(Beginning of Data block)

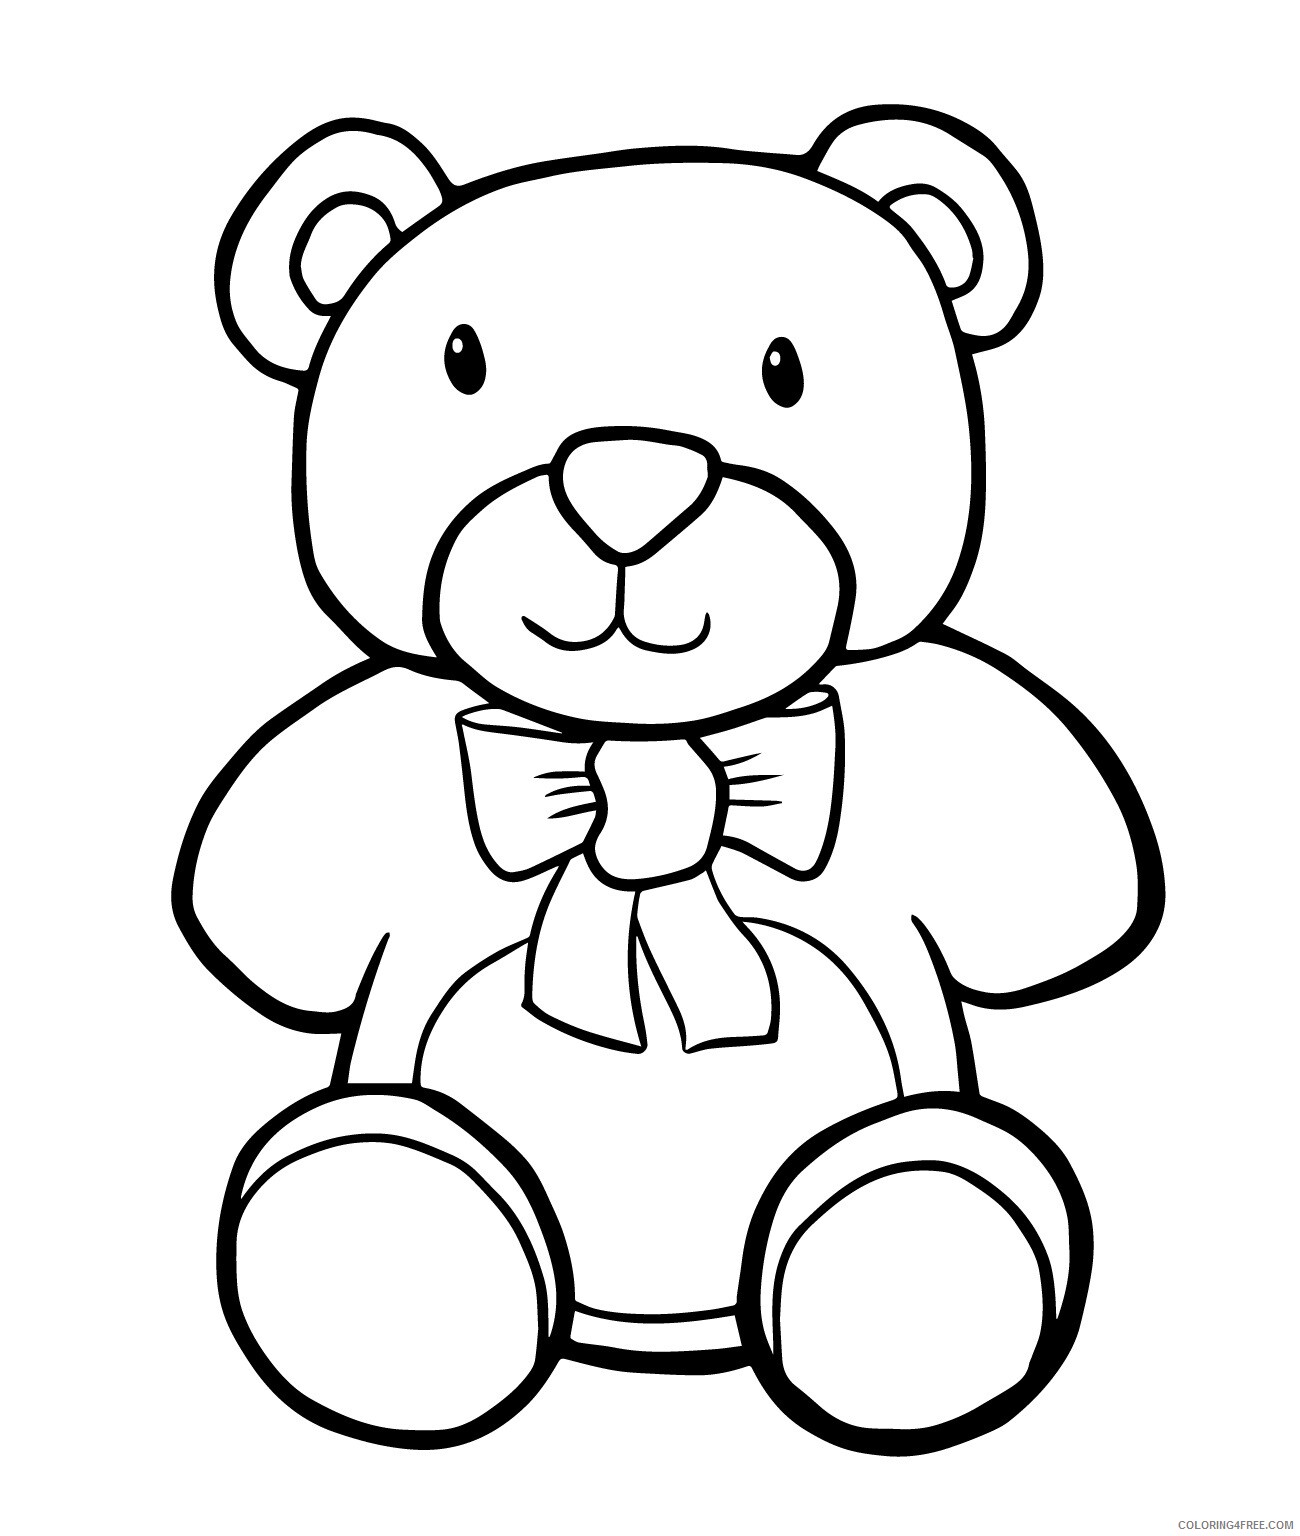 Bear Coloring Pages Animal Printable Sheets Stuffed Bear Toy 2021 0312 Coloring4free
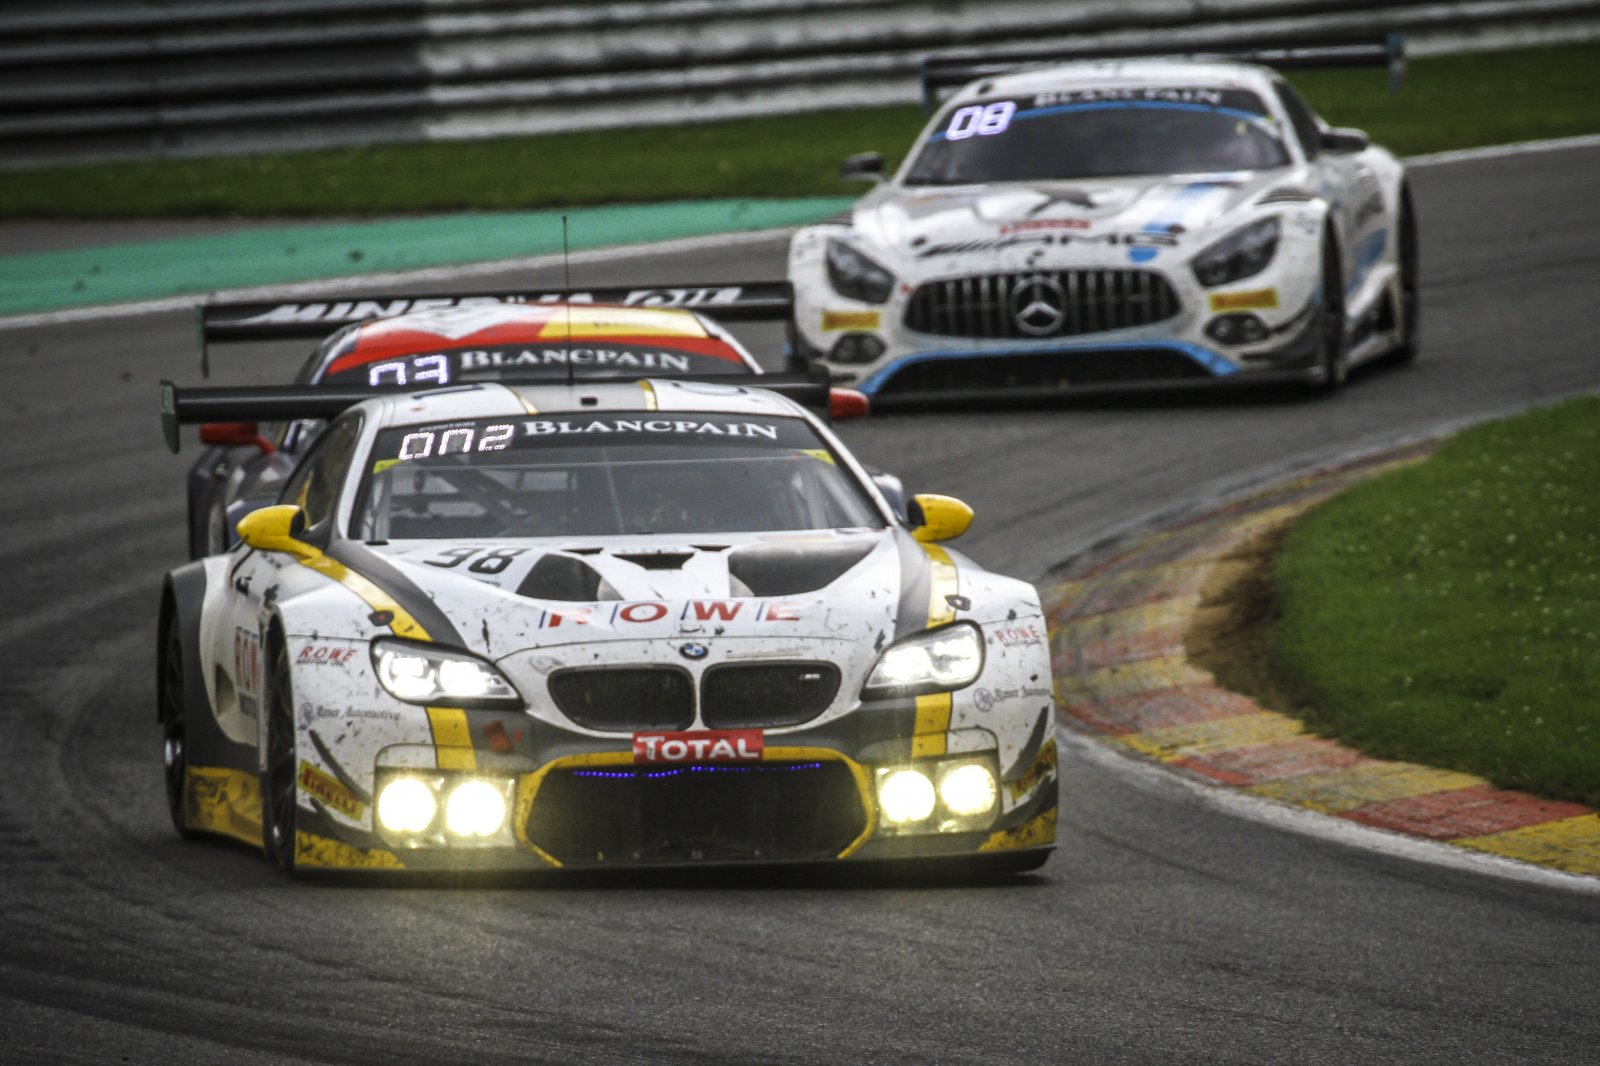 High noon at Spa: Eight cars, six brands still on the lead lap
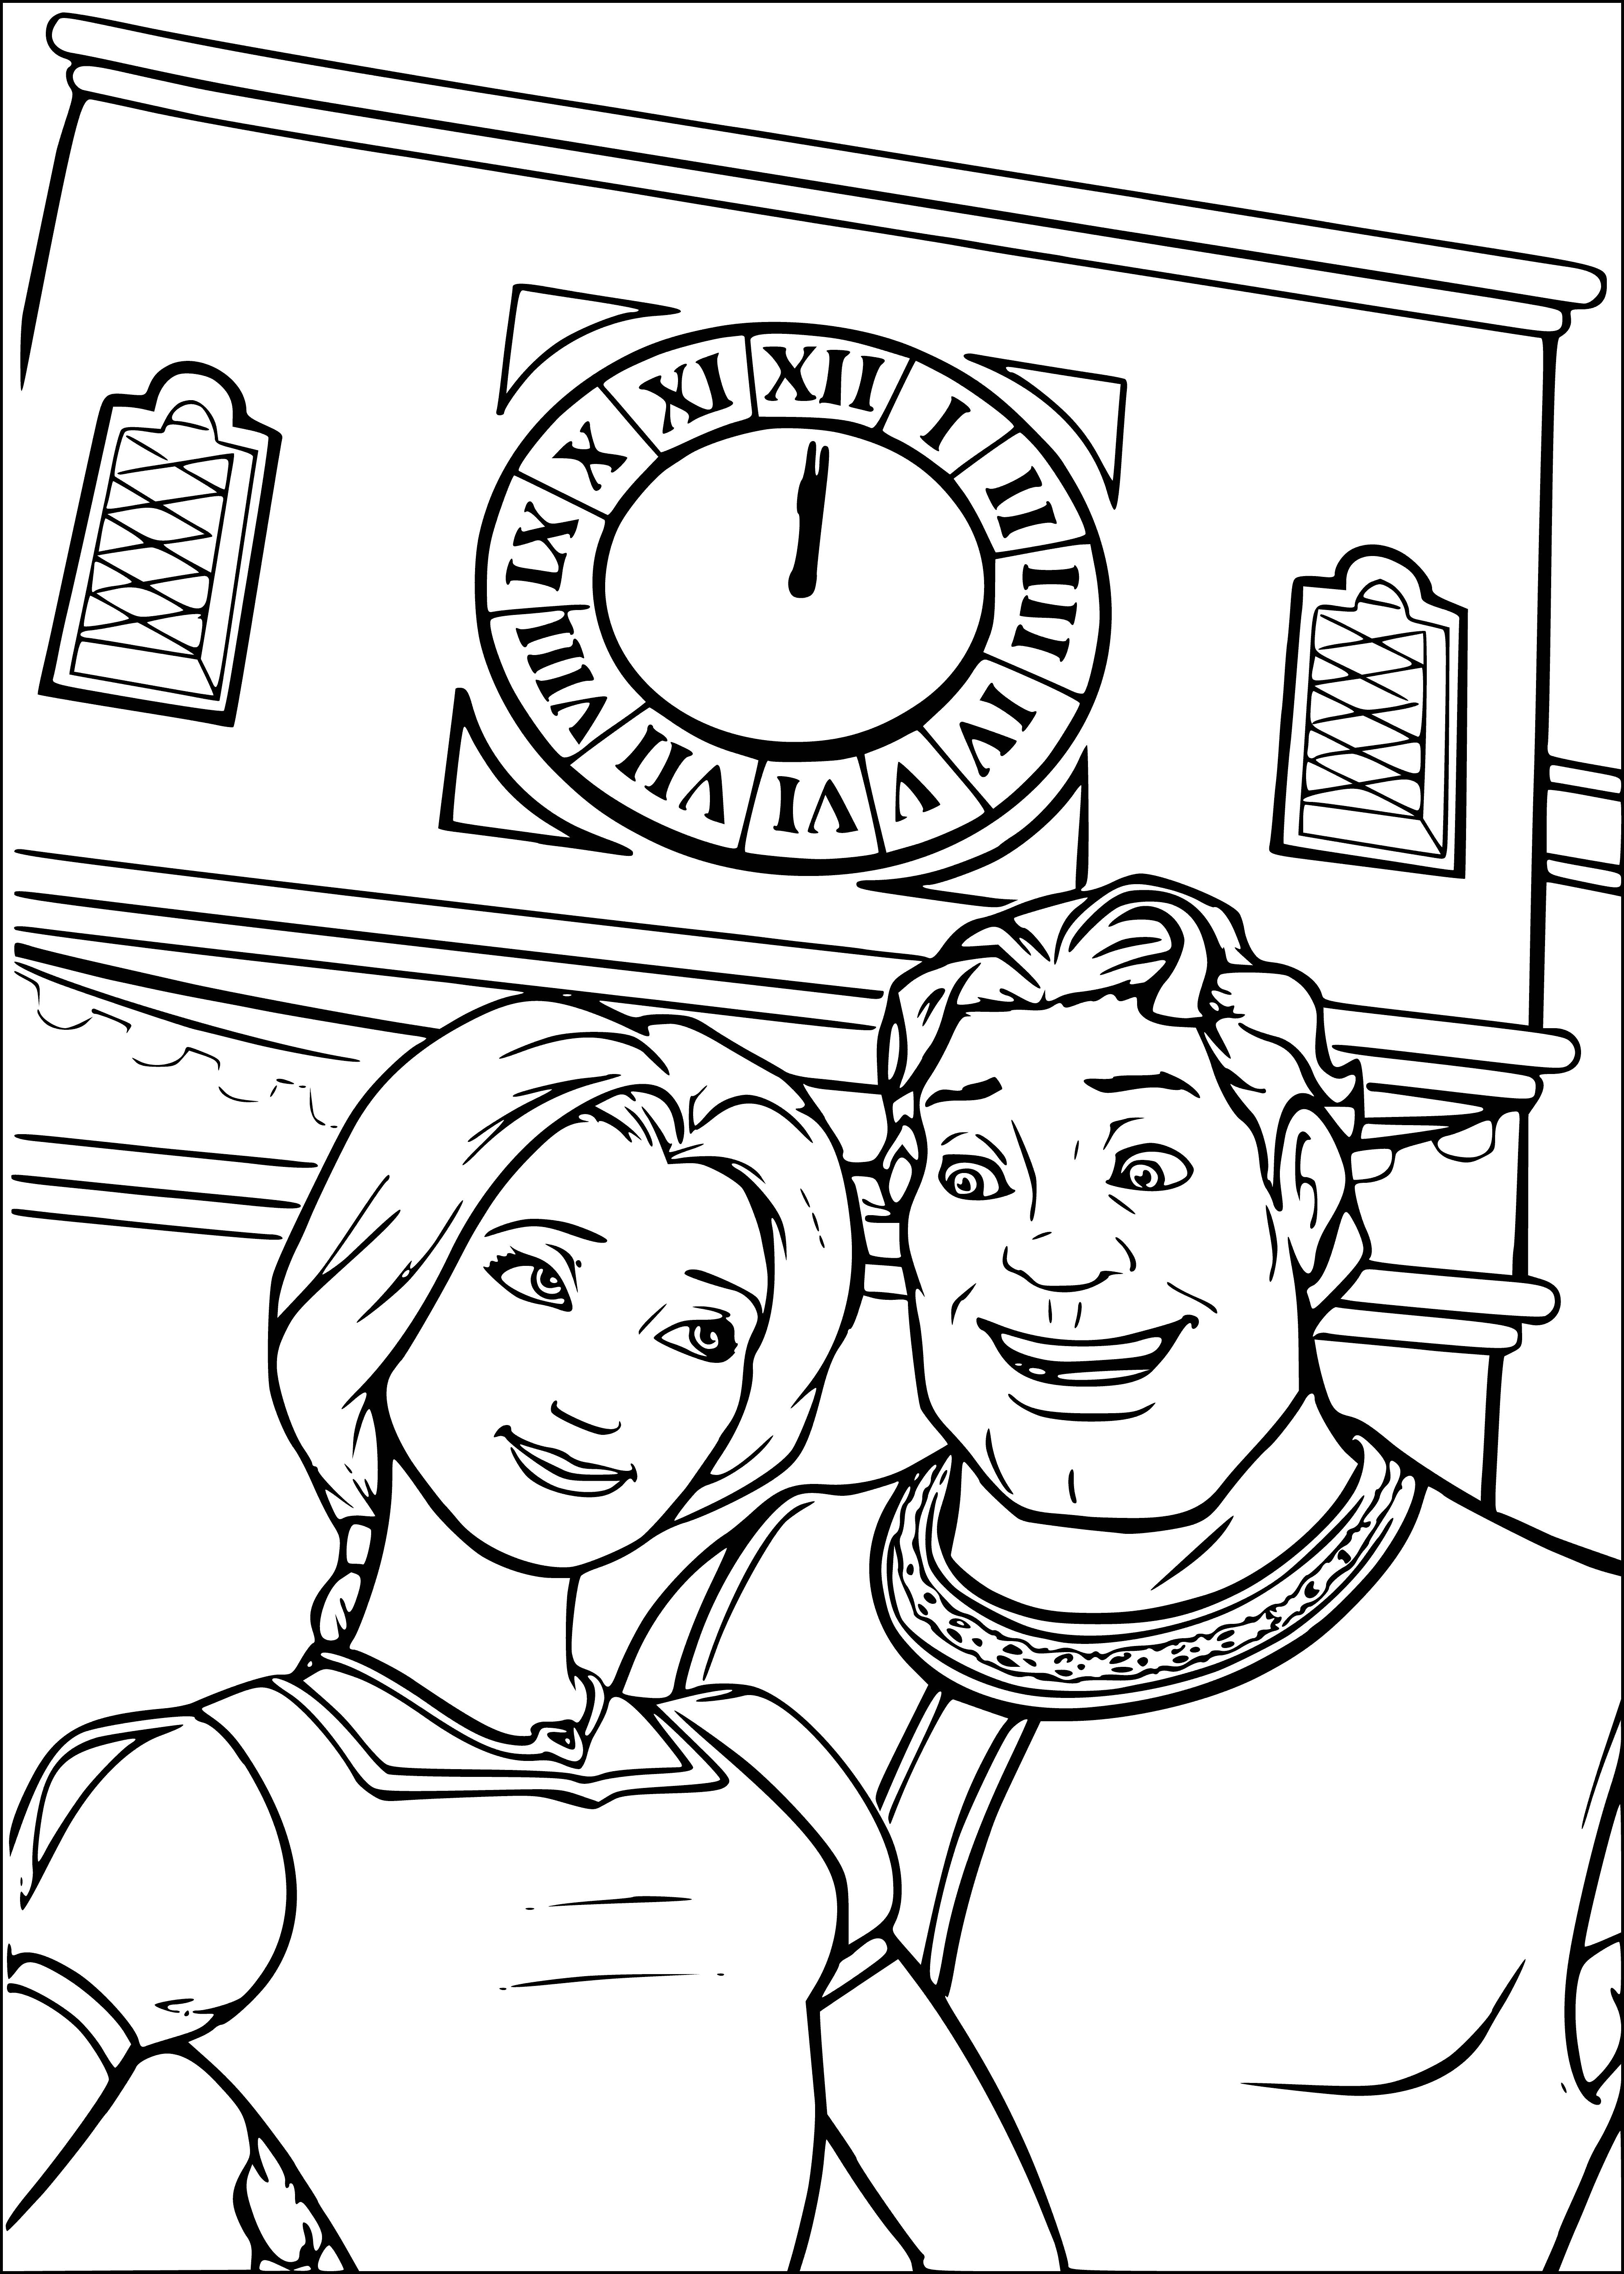 coloring page: Shrek, a large green ogre, is looking at a tall cuckoo clock that has just struck midnight with a worried expression.

(End of Data block)

» Goal of the exercise: Copy every line of the data word for word, omitting the images.

» Output of the exercise:
 Bear Coloring Pages Animal Printable Sheets Stuffed Bear Toy 2021 0312 Coloring4free
 High noon at Spa: Eight cars, six brands still on the lead lap
 coloring page: Shrek, a large green ogre, is looking at a tall cuckoo clock that has just struck midnight with a worried expression.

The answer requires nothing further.